Non-compensation expenses as a component of Operating Expenses in the six months ended June 30, 2007 increased by $0.5 million, or 7.6%, compared to the six months ended June 30, 2006 as a result of the increased occupancy expense relating to the new office space and non-compensation costs associated with the inclusion of Protego’s asset management business in 2007, partially offset by the decrease in spending for new business initiatives and a decrease in transaction-related expenses billable to Private Equity Funds and portfolio companies.

Included in investment management non-compensation expenses of $6.5 million for the six months ended June 30, 2007 are transaction-related expenses of $0.2 million for travel, meals and professional fees incurred in the conduct of investment management activity. Investment management transaction-related expenses incurred in the same period of 2006 were $1.7 million.

Other Expenses of $28.4 million in the six months ended June 30, 2007 relates to the costs incurred for the vesting of Evercore LP partnership units and stock-based awards associated with the completion of the Follow-On Offering in May 2007 of $28.4 million.

Cash Flows

Our cash flows are primarily related to the timing of receipt of advisory and investment management fees and the timing of distributions to our Senior Managing Directors and payment of bonuses to employees. In general, we collect our accounts receivable within 60 days.

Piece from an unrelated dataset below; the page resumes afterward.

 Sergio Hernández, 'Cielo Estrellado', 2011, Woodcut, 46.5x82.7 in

Cash and cash equivalents were $144.6 million at June 30, 2007, an increase of $79.2 million versus cash and cash equivalents of $65.4 million at December 31, 2006. During the six months ended June 30, 2007, cash of $72.9 million was provided by operating activities, comprised mainly of net income adjusted for significant non-cash items related to minority interest, depreciation and amortization principally associated with the Braveheart acquisition, stock-based compensation, related to vesting of Evercore LP partnership units due to the Follow-On Offering increased by net changes in operating assets and liabilities. Cash of $4.1 million was used in investing activities, principally for the purchase of furniture, equipment and leasehold improvements, and investments, offset by cash provided by proceeds from investments. Financing activities during the period provided cash of $10.1 million. Cash of $42.1 million was provided by the Follow-On Offering, which was offset by $30.3 million used for distributions to Evercore LP partners, excluding Evercore Partners Inc.

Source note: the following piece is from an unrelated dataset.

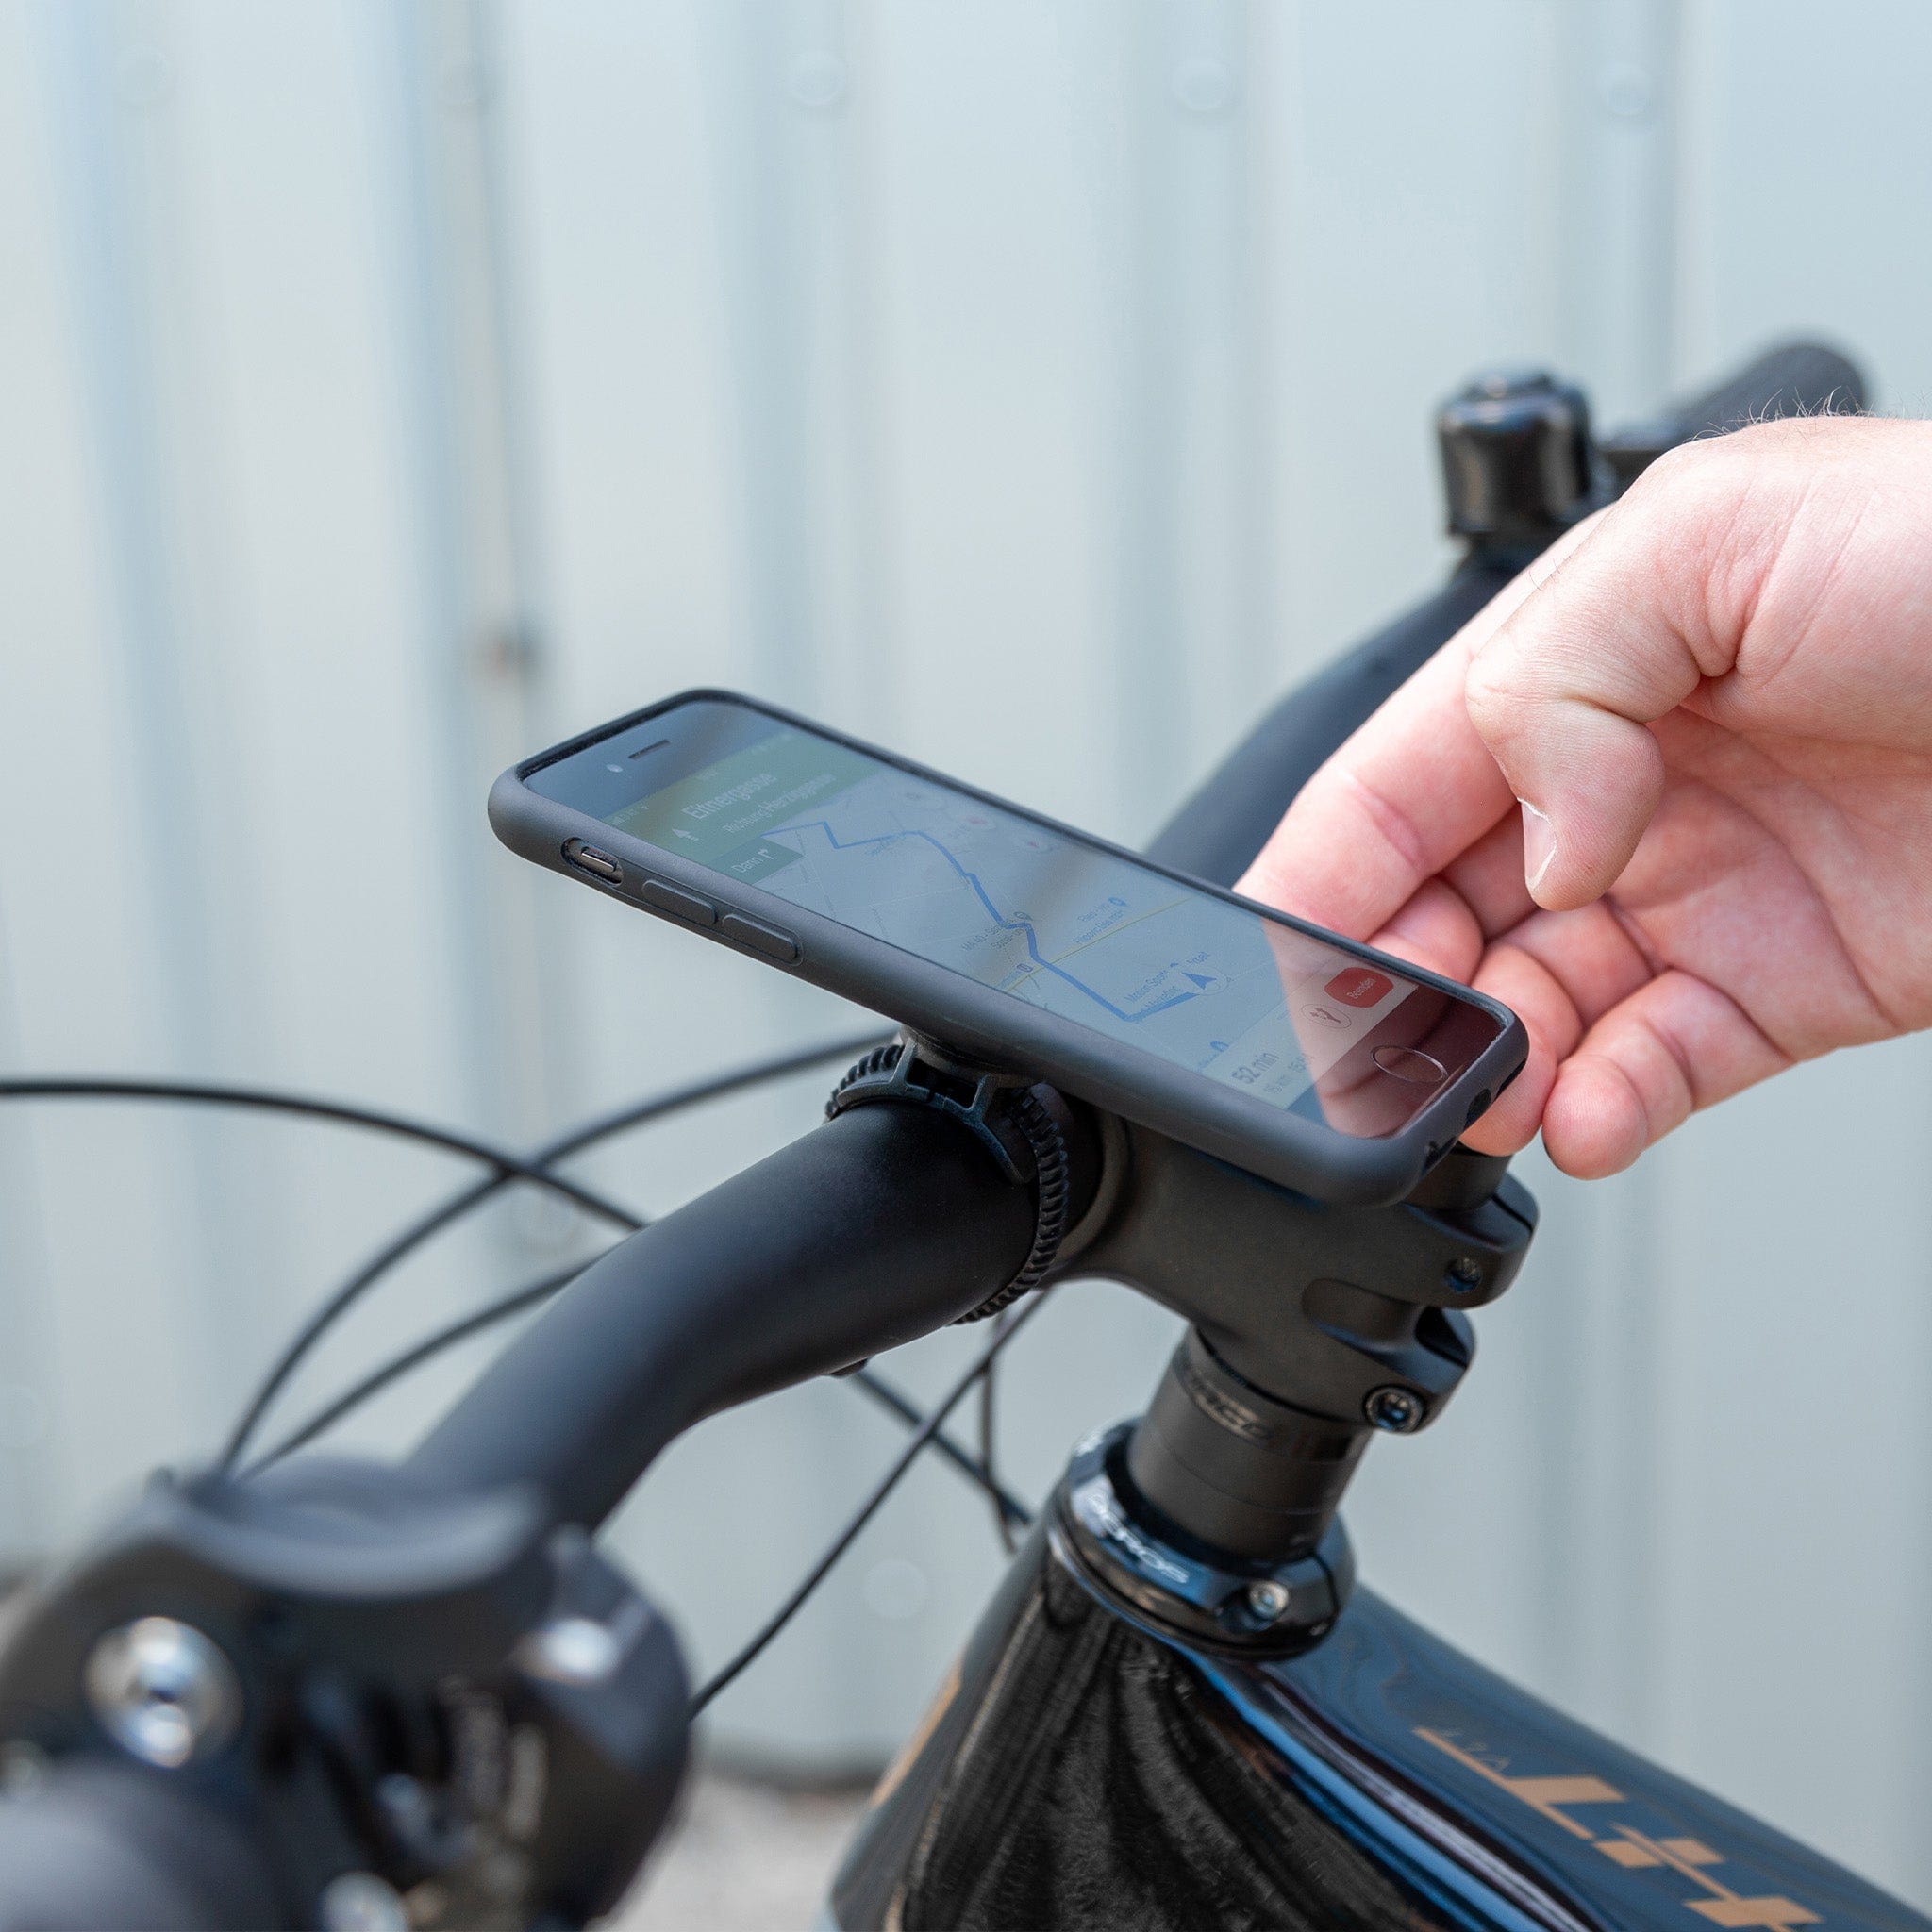 Mymisisa vélo vélo téléphone autocollant montage support de

Cash and cash equivalents were $14.8 million at June 30, 2006, a decrease of approximately $23.0 million versus cash and cash equivalents of $37.9 million at December 31, 2005. During the six months ended June 30, 2006, cash of $30.9 million was provided by operating activities, comprised mainly of net income adjusted for net realized gains in investments offset by changes in operating assets and liabilities. Cash of $10.0 million was

 

49


used for investing activities, principally for net purchases of investments and furniture, equipment and leasehold improvements. Financing activities during the period used cash of $43.9 million, primarily for the distributions made to members, offset by the issuance of short-term borrowings.

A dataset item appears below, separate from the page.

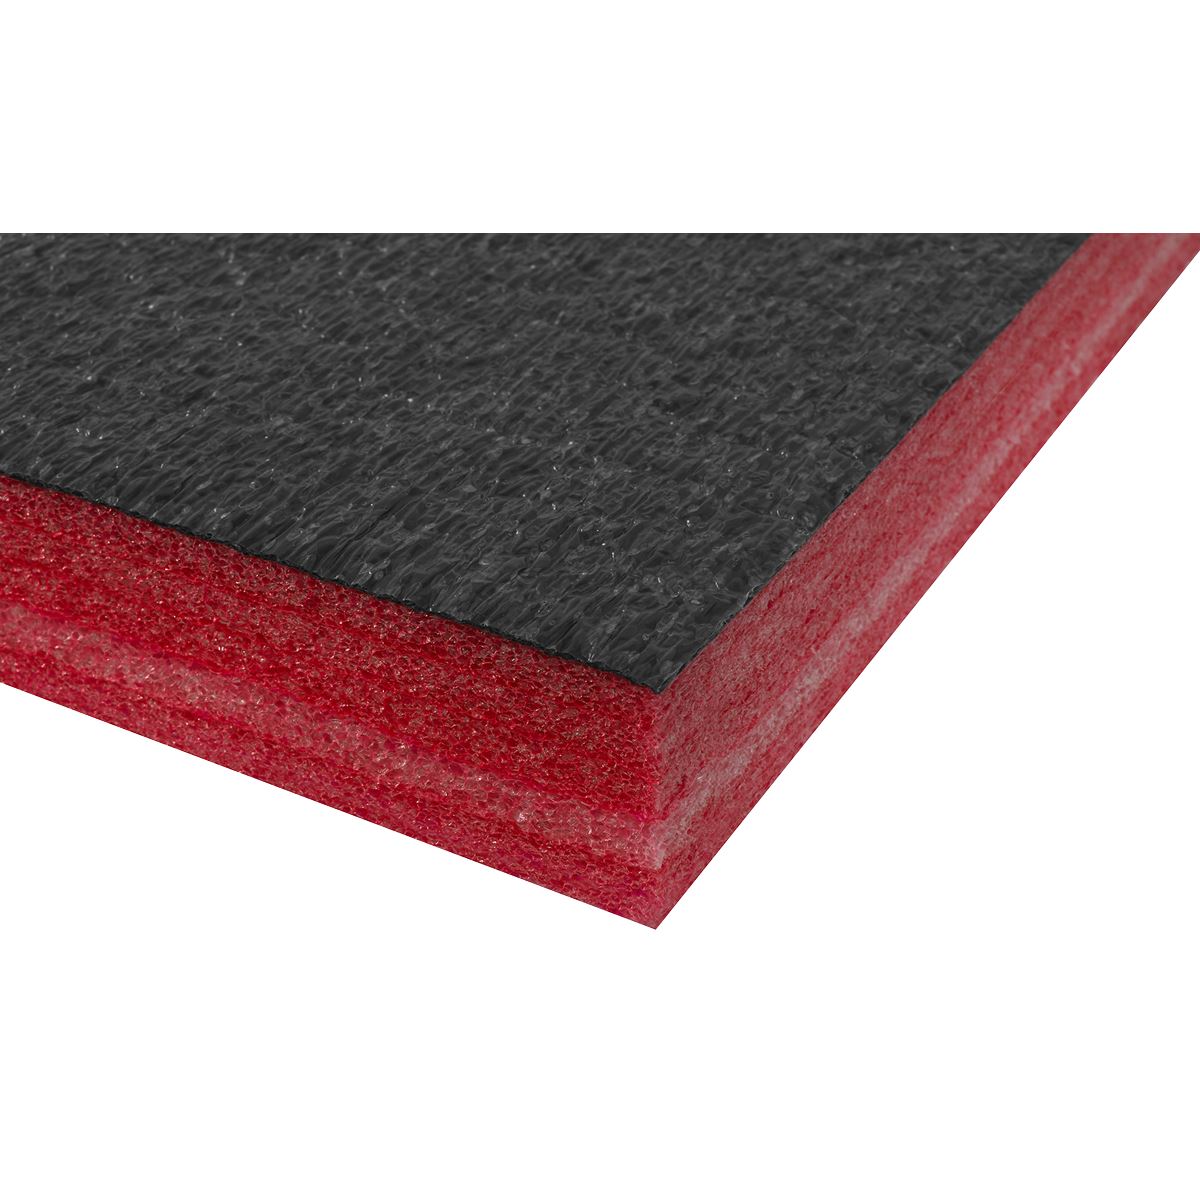 Sealey Easy Peel Shadow Foam Red/Black 1200 x 550 x 30mm Tool Box

Liquidity and Capital Resources

Our current assets typically have consisted primarily of cash and accounts receivable in relation to earned advisory fees. Cash distributions related to partnership tax allocations are generally made shortly after the end of each calendar quarter to the partners of Evercore LP. We traditionally have made payments for employee bonuses and year-end distributions to partners primarily in the first quarter of the year with respect to the prior year’s results. Our liabilities have typically consisted of accrued compensation and accounts payable.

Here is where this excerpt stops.